Bisher werden die Ausgangsstoffe einer Tablette in einem Kessel gründlich vermengt und schließlich zu einem Granulat getrocknet, aus dem eine Hochgeschwindigkeits-Presse die Pille formt. Damit diese nicht schon bei der Verpackung zerbröselt, sich in Wasser oder Magensäure aber löst, muß das Granulat eine genau definierte Porosität haben, die sich mit dem herkömmlichen Verfahren aber relativ schwer beeinflussen läßt.

Mit der neuartigen Maschine geht das einfacher. "Das Gerät verknetet die Festbestandteile unter Zugabe von Flüssigkeit zu einer feuchten Rohmasse", erklärt Prof. Steffens. "Dazu geben wir dann Stickstoff mit einem Druck von bis zu fünf bar, der sich in Form von kleinen Bläschen in der Rohmasse verteilt."

Dieser feuchte "Pillenteig" wird von der Maschine in einen Mikrowellen-Trockner geschoben, in dem nahezu Vakuum herrscht. "Dabei dehnen sich die Stickstoffbläschen schlagartig aus - ähnlich, wie wenn man eine Mineralwasserflasche öffnet, bei der dann ja auch das Kohlendioxid ausperlt."

Das getrocknete poröse Granulat kann von herkömmlichen Tablettenpressen weiter verarbeitet werden. Mit dem Druck des zugegebenen Stickstoffs läßt sich auf einfache Weise die Porosität variieren. "Außerdem kann das Gerät schlecht benetzbare Rohstoffe, wie sie in vielen modernen Medikamenten eingesetzt werden, in sehr hohen Konzentrationen verarbeiten."

Mit positiven Folgen für Patienten und Hersteller: Die kleineren Tabletten lassen sich leichter einnehmen und verursachen weniger Lager- und Transportkosten. Zudem ist die Qualität meist besser als bei herkömmlichen Methoden, weil die für ausreichend feste Tabletten nötigen Bindemittel erheblich besser mit den Ausgangsmaterialien vermischt werden und man daher mit weniger "Klebstoff" auskommt. Die Wirkstoffe können sich schneller auflösen - die Wirkung setzt schneller ein.

Ein weiterer Vorteil: Bislang war es nur möglich, die Ausgangsstoffe in einzelnen Chargen zu verarbeiten - der Granulierkessel wurde gefüllt, und dann hieß es zunächst einmal warten. "Bei dem neuen System geben wir die Ausgangsstoffe kontinuierlich zu", erklärt Steffens. Der Prototyp erzeugt so Stunde für Stunde 20 Kilogramm Granulat. "Das Gerät lässt sich aber problemlos so skalieren, daß es auch Mengen von drei Tonnen pro Stunde produziert."

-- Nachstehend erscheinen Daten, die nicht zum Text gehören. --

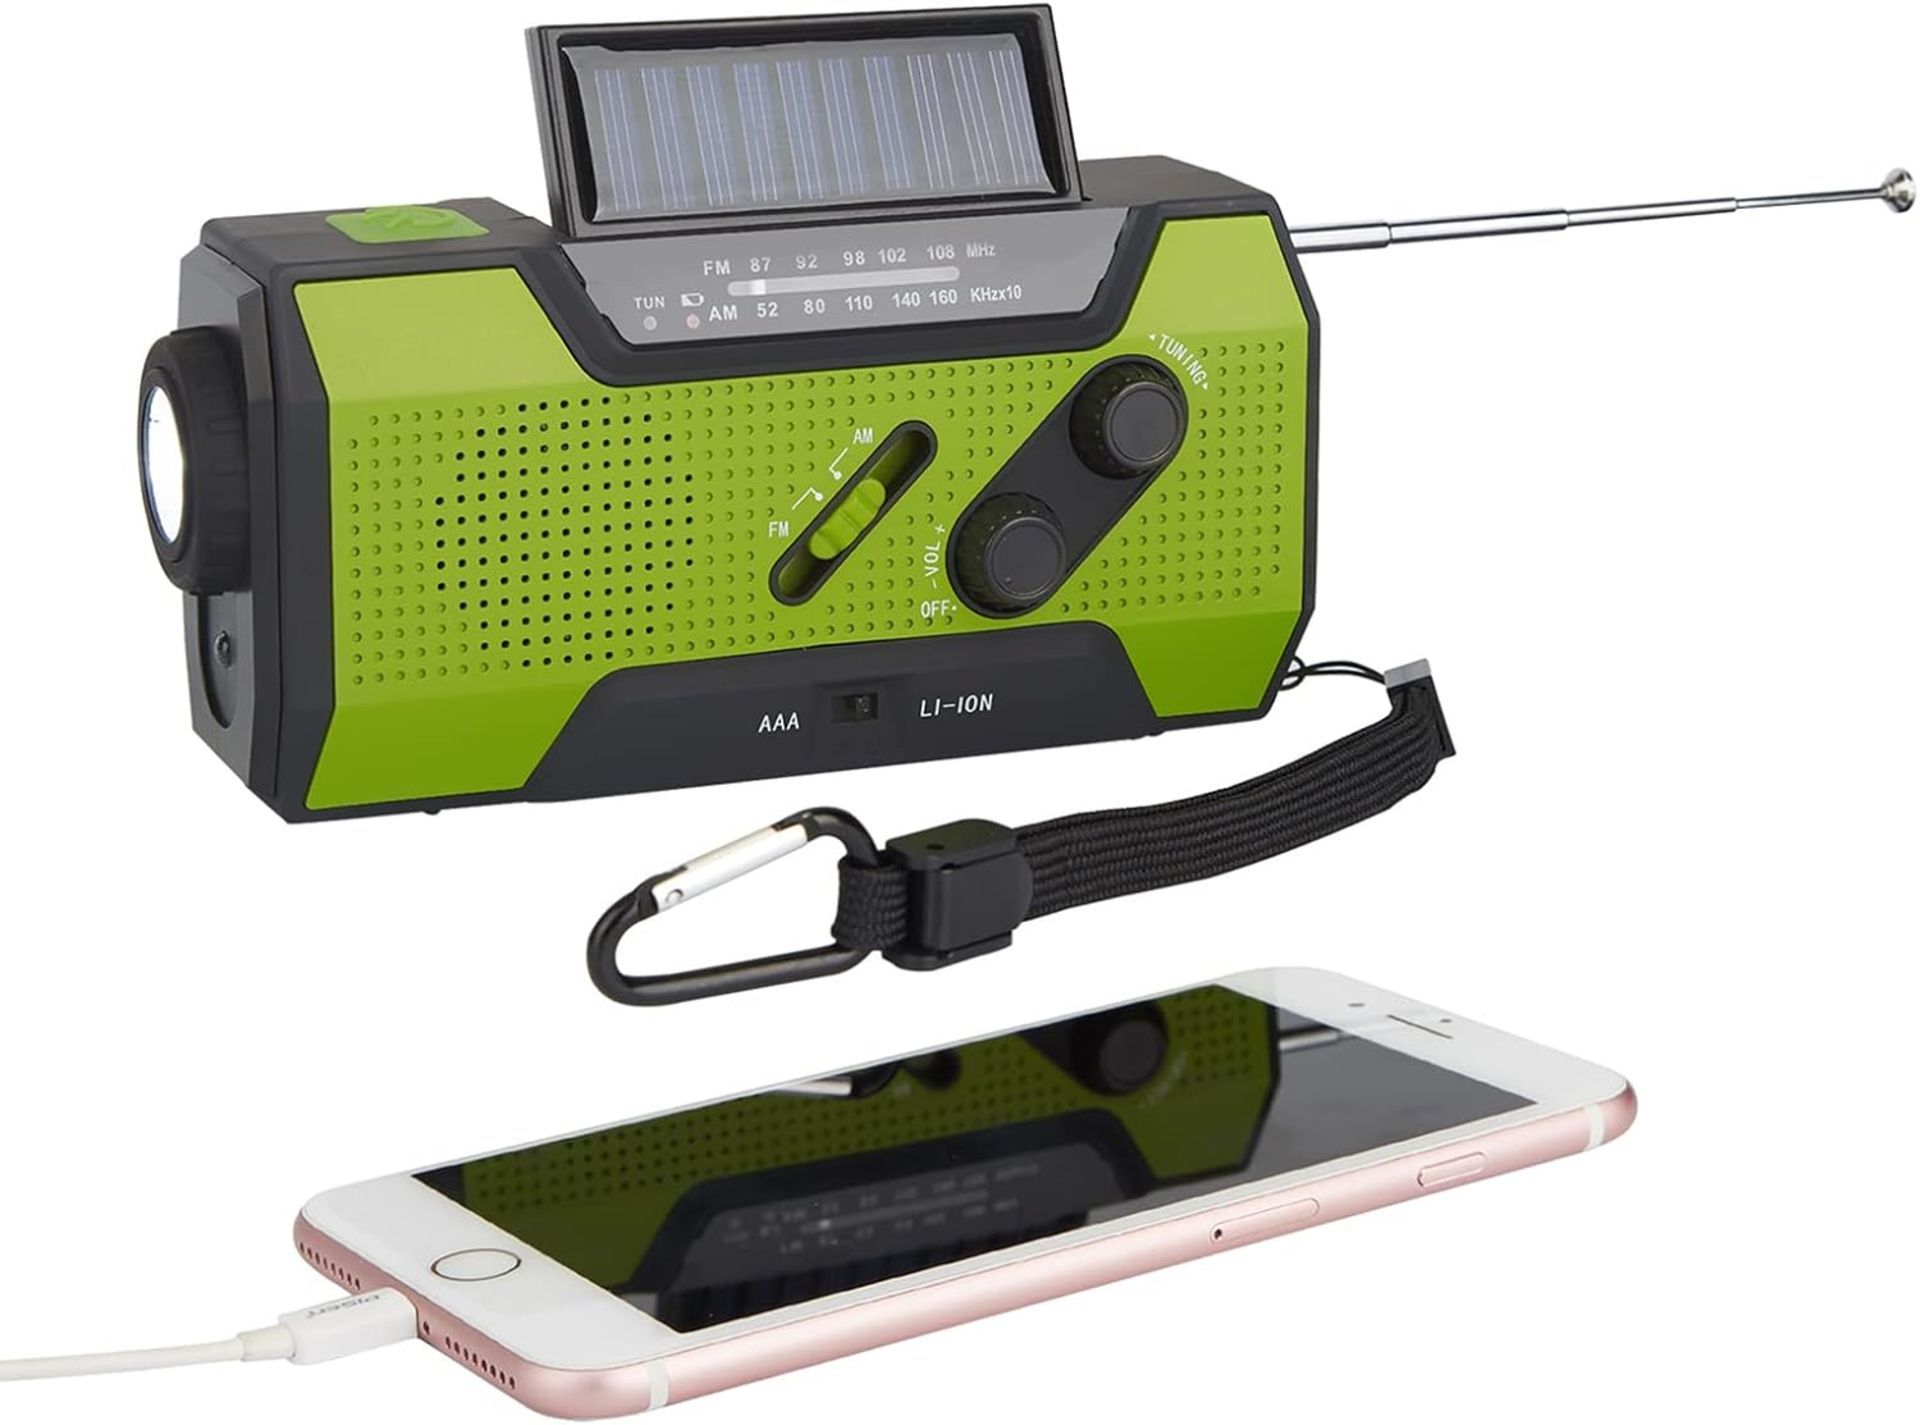 TKOOFN Hand Crank Emergency Radio FM AM, Portable Solar Generation Multifunction Outdoor Radio USB

Auf der diesjährigen Technologie-Messe Interpack stieß das System bereits auf enormes Interesse. Und das nicht nur bei Pharmaherstellern - auch die Lebensmittelindustrie zeigte sich von der Neuentwicklung angetan. Professor Steffens: "Mit unserer Maschine lässt sich Vieles granulieren - von Teextrakten bis hin zu Süßwaren aller Art."